Slow to learning newer julia syntax and scoping.

In Julia v1.1.1

what is the explanation for why the MWE below throws error "ff not defined" ?

N = 5;
typp = "b";
mu = 2;

function bigfun()

  function f(u,mu)
    ee = mu*u;
    return ee
  end

  function g(uv,mu)
    ee = (mu^2)*uv
    return ee;
  end

  while 1 == 1

    u = ones(N);
    if typp == "a"
      ff(u) = f(u,mu);
    elseif typp == "b"
      ff(u) = g(u,mu);
    end
    fu = ff(u);
    break;

  end

end

bigfun();

Answer 1

This is a known bug in Julia: https://github.com/JuliaLang/julia/issues/15602. You can't define an inner function conditionally.
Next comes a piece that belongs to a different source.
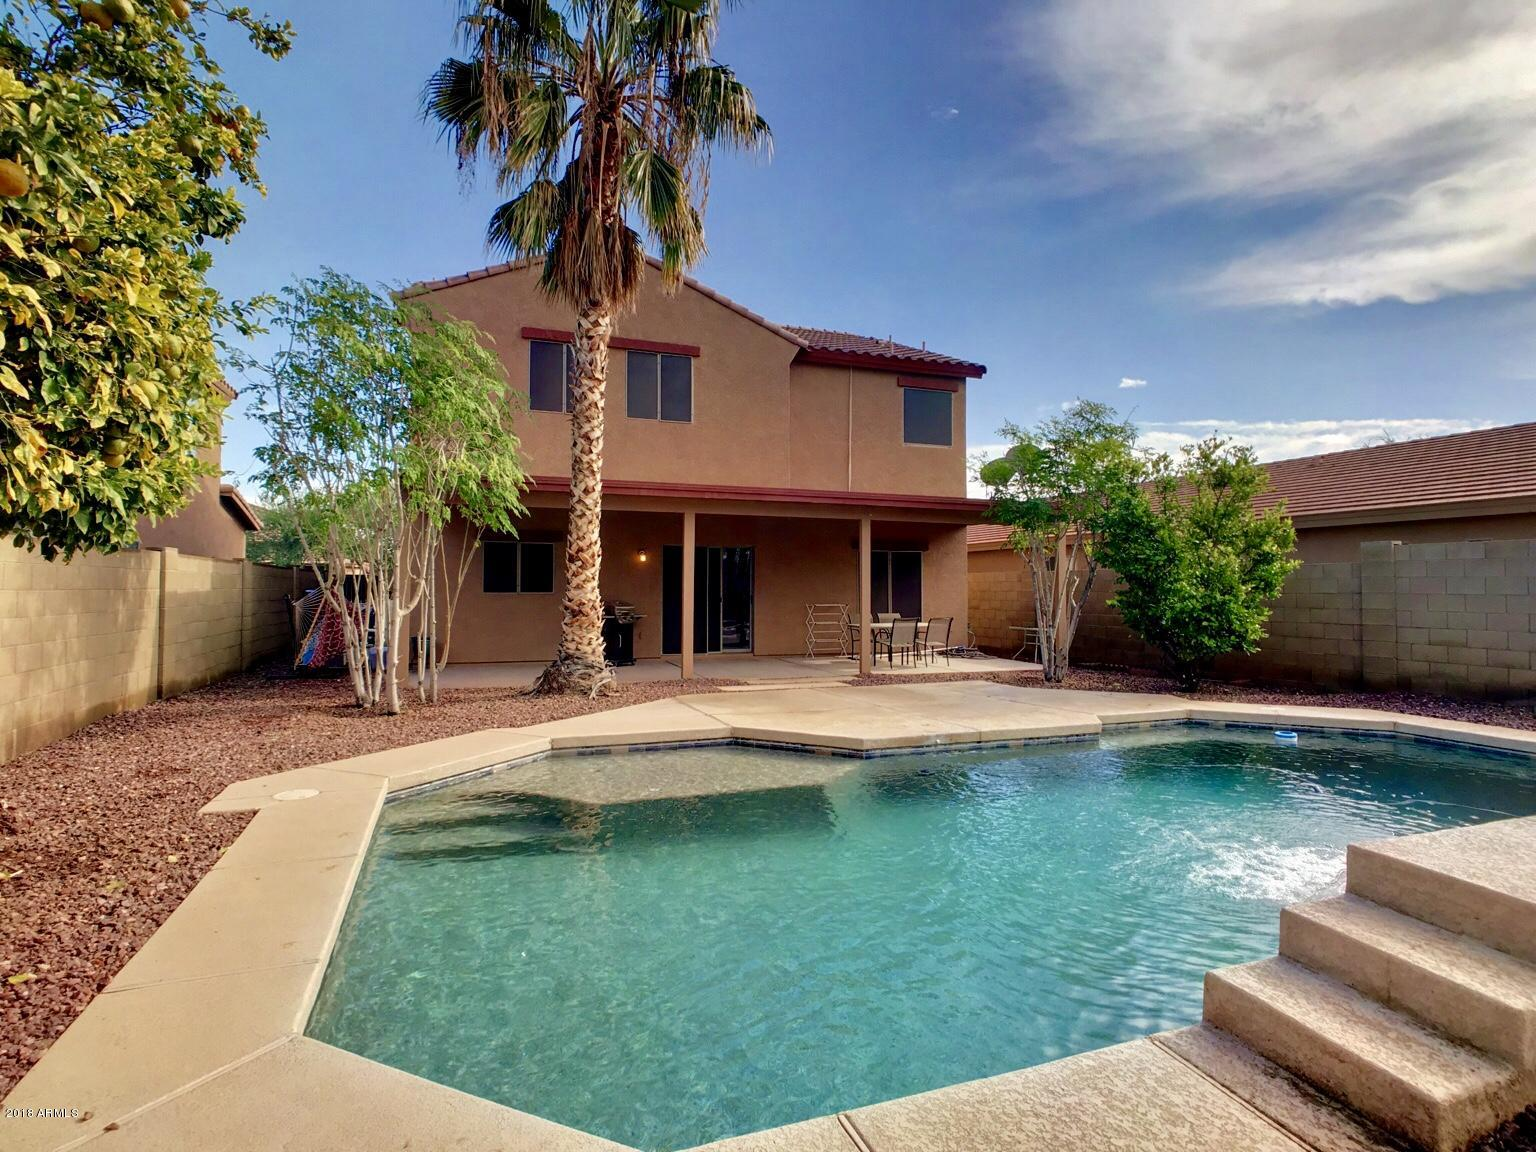 MLS 5855340 1414 S 118TH Drive, Avondale, AZ 85323 Avondale AZ Coldwater Ridge
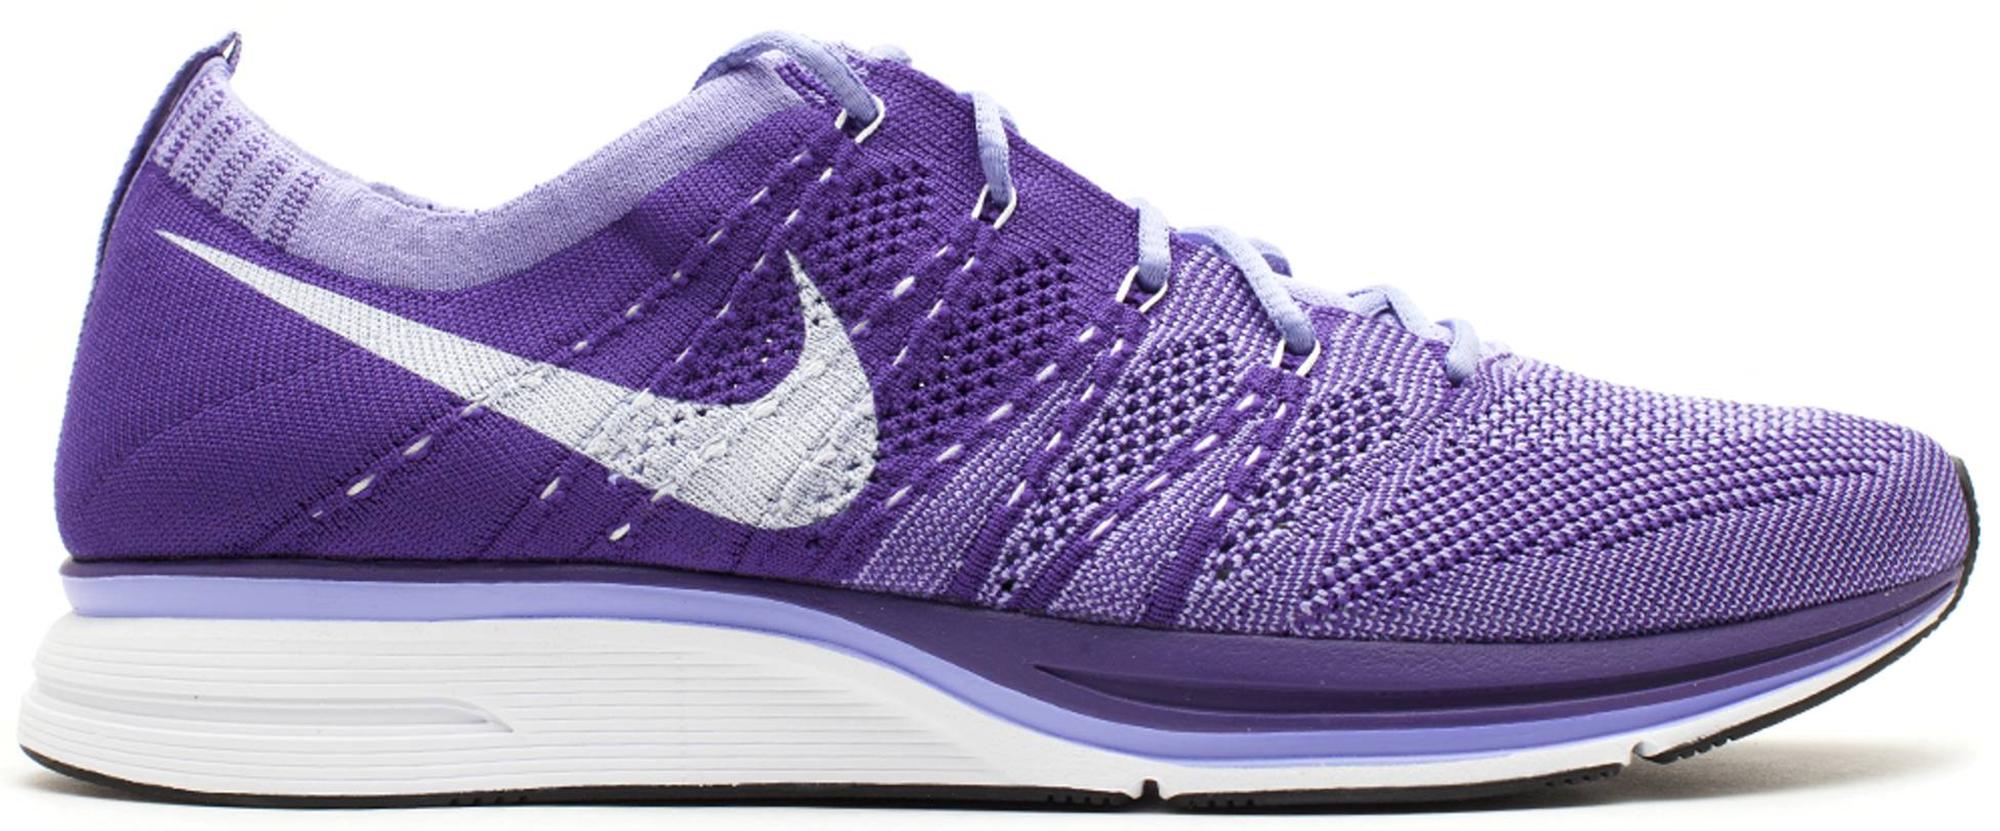 Nike Flyknit Trainer+ Court Purple

There a few ways around this issue:

1. Define ff as an anonymous function:

       if typp == "a"
         ff = u -> f(u,mu)
       elseif typp == "b"
         ff = u -> g(u,mu)
       end
       fu = ff(u)
   

2. Define ff once, and add the conditional inside of it:

       function ff(u, typp)
         if typp == "a"
           f(u,mu)
         elseif typp == "b"
           g(u,mu)
         end
       end
       fu = ff(u, typp)
   

3. Don't define the function ff at all. You don't need to, in the example you provided, just assign fu conditionally

       if typp == "a"
         fu = f(u,mu)
       elseif typp == "b"
         fu = g(u,mu)
       end
   

Answer 2

As mention in the Julia Docs,

Julia uses lexical scoping, meaning that a function's scope does not inherit from its caller's scope, but from the scope in which the function was defined.

It is worth reading some examples in the above link but the gist is that the function is defined in the local scope/context of the if/else statement and does not exist outside of that scope (at the end of that function).